**Work to be completed:**
Look below for the line with "Cleaning Antique Upholstery" and the line with "Dying Light and". Copy exactly those two lines and every line between, but not the pictures.

**Source material:**
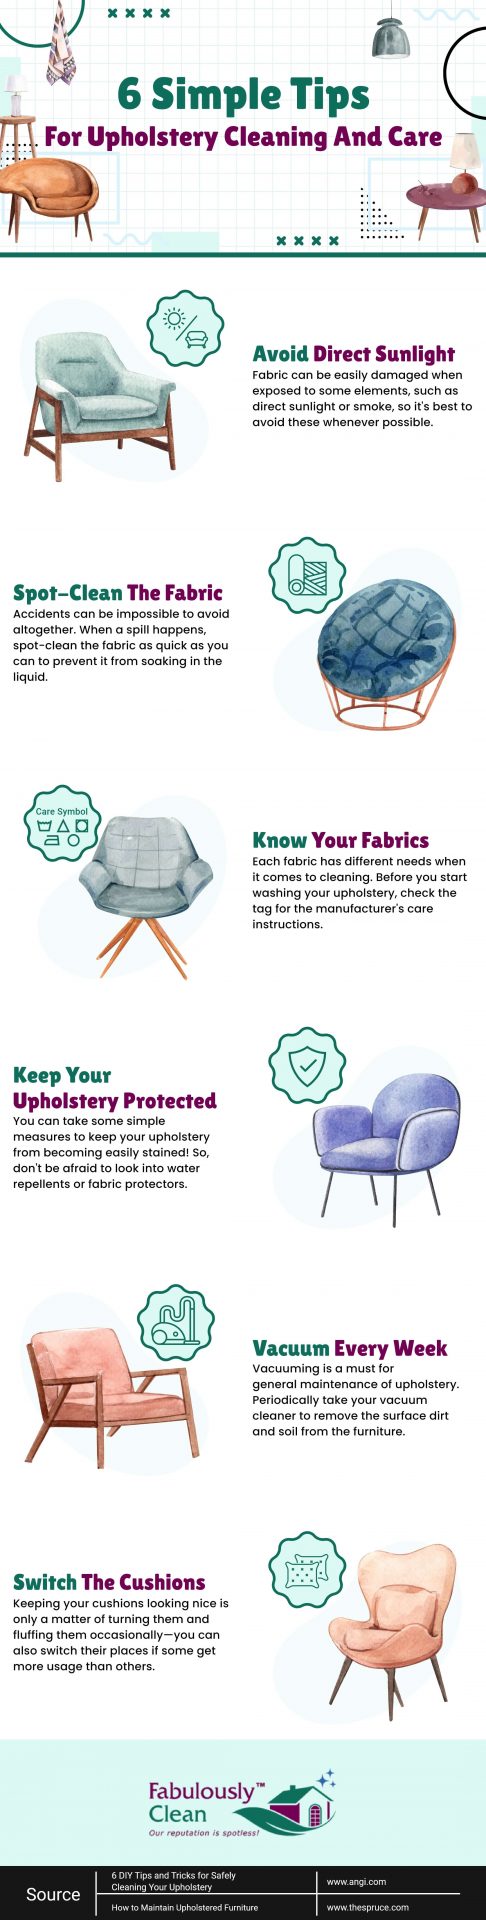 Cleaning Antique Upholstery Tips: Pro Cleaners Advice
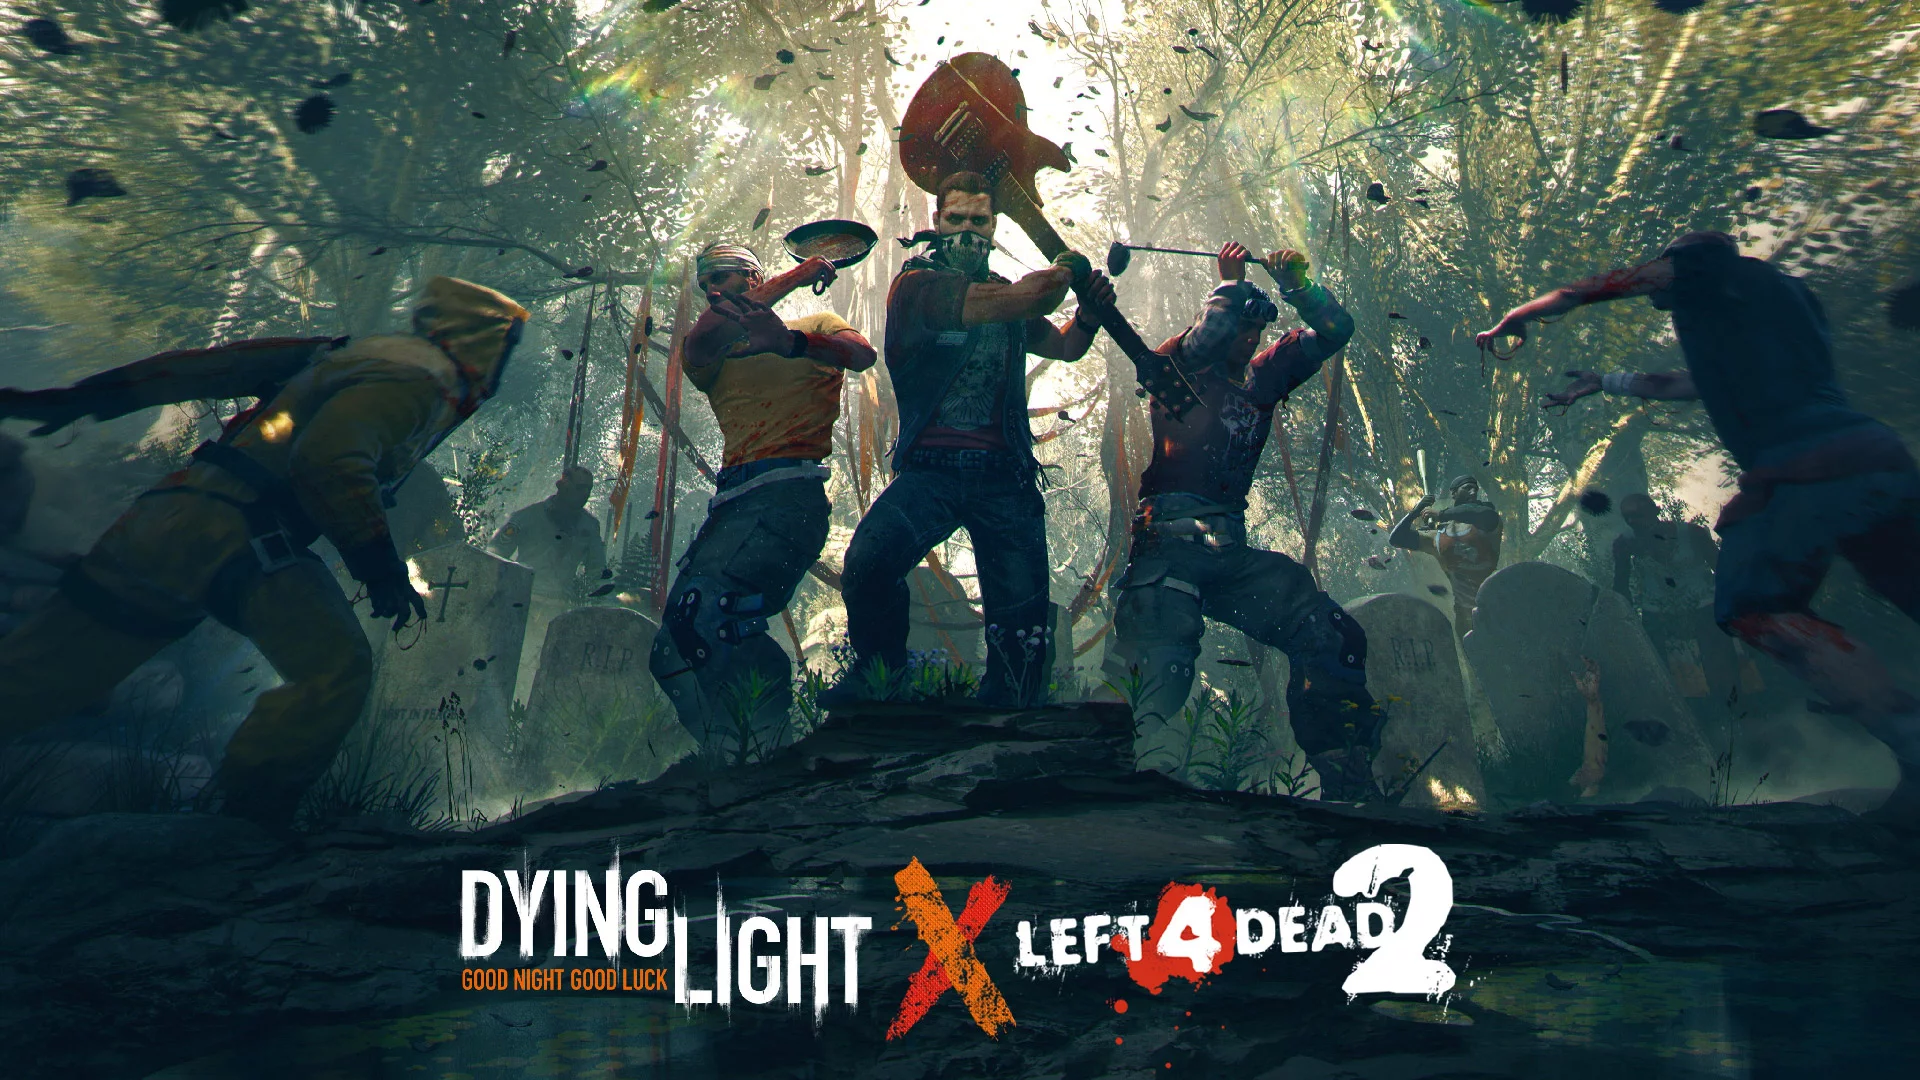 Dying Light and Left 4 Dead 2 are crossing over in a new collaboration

--

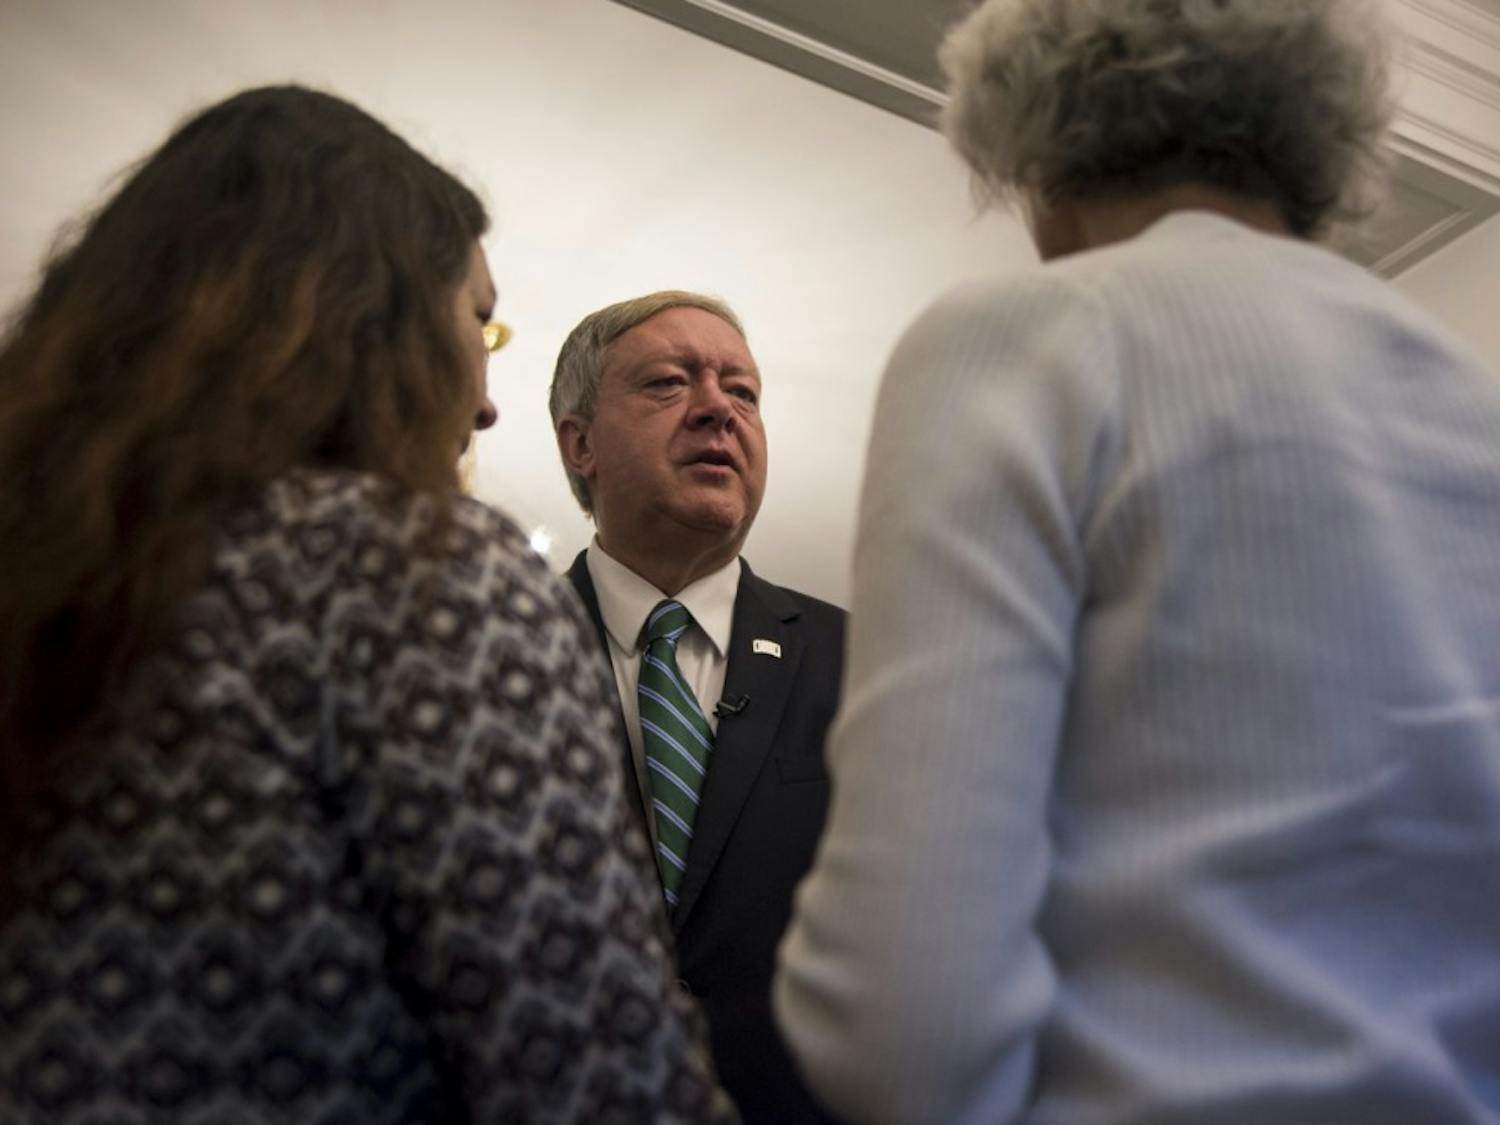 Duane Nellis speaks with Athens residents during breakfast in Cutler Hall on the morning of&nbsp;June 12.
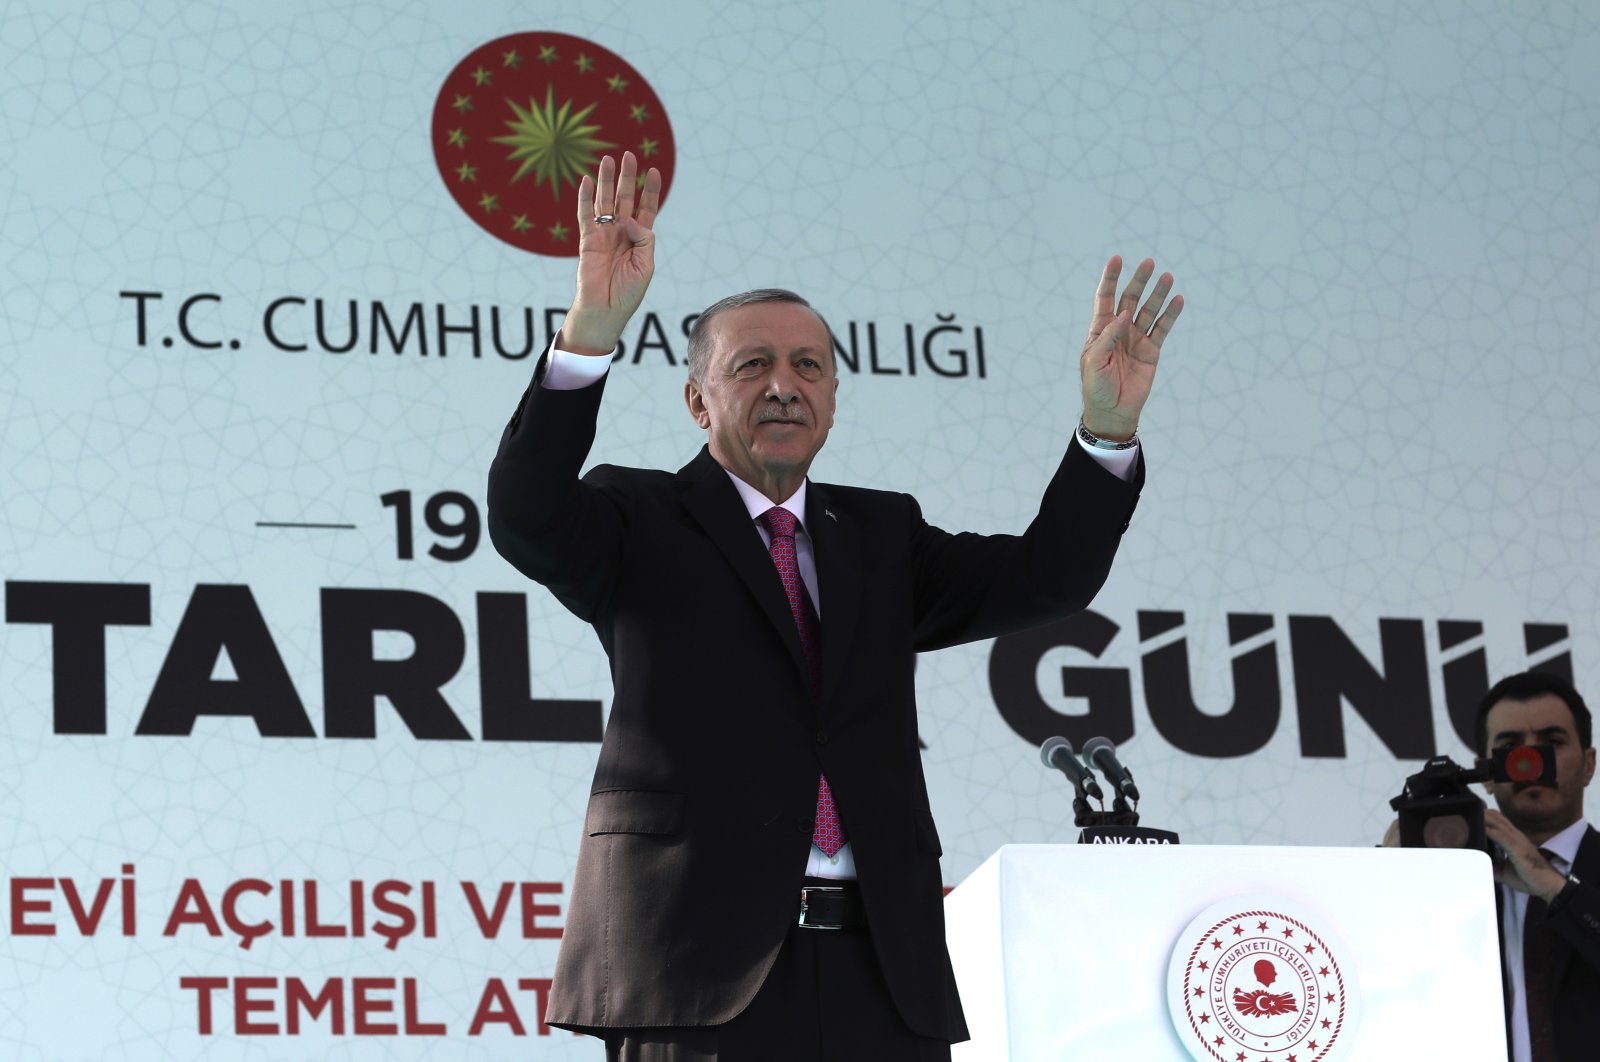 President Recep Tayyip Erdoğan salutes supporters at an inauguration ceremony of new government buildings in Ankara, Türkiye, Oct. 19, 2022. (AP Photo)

...

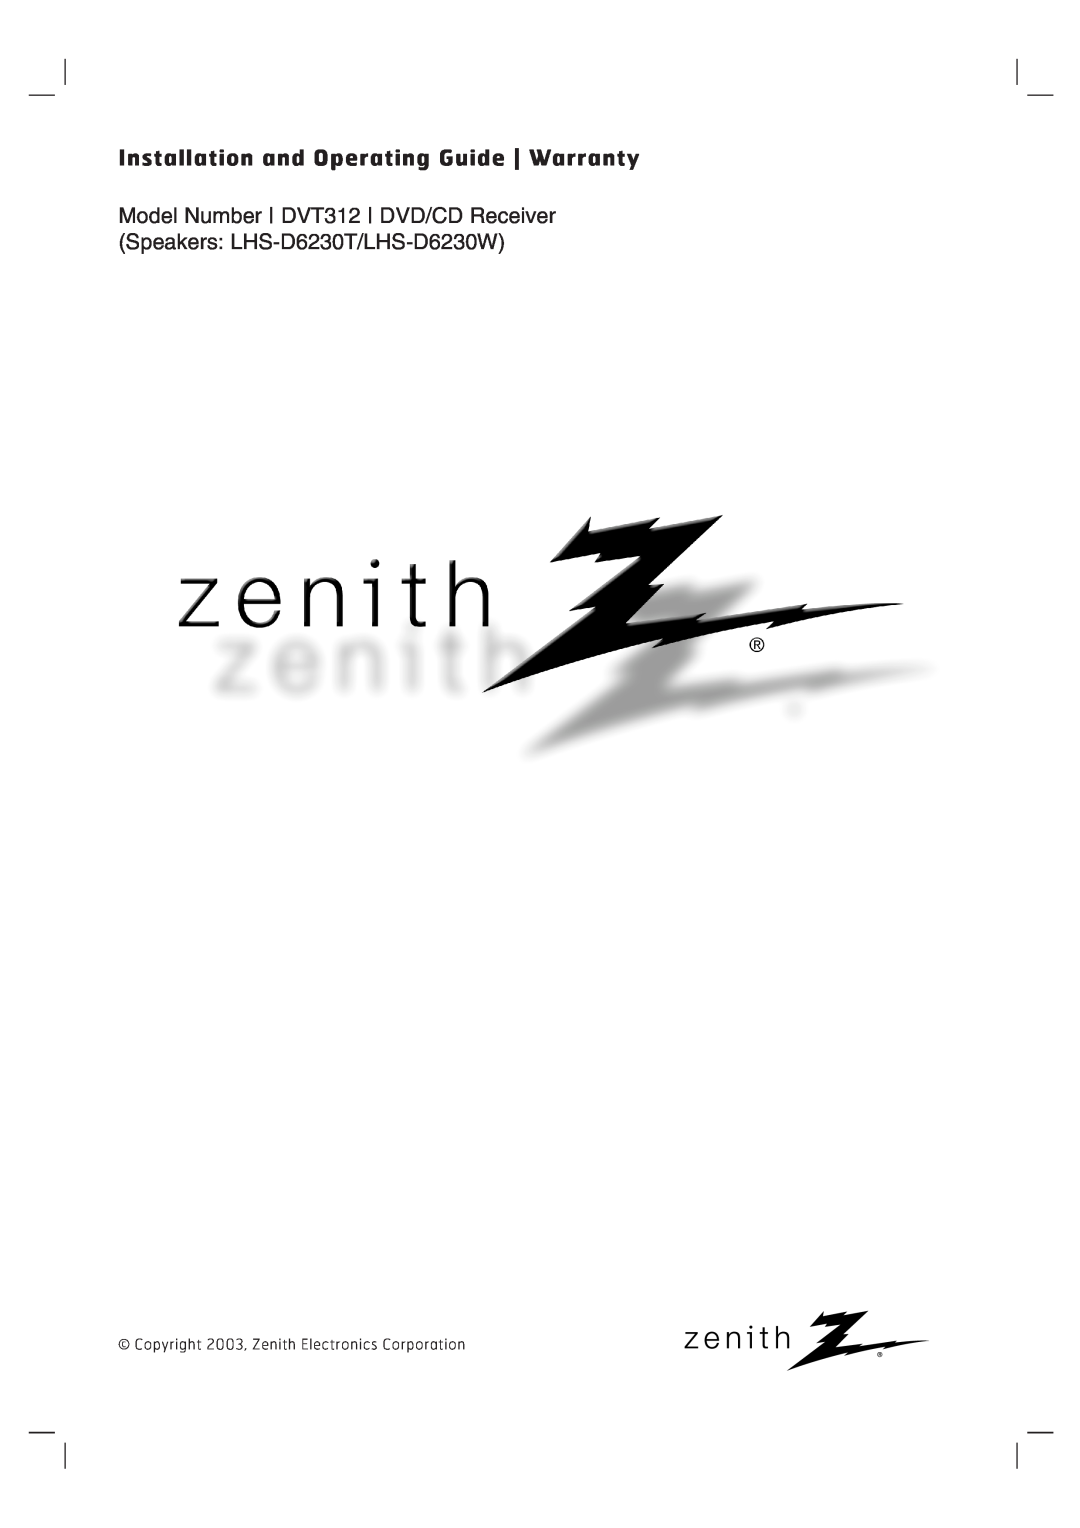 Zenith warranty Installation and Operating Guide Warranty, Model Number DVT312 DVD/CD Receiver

**Reply to the exercise:**
 Cleaning Antique Upholstery Tips: Pro Cleaners Advice
 Dying Light and Left 4 Dead 2 are crossing over in a new collaboration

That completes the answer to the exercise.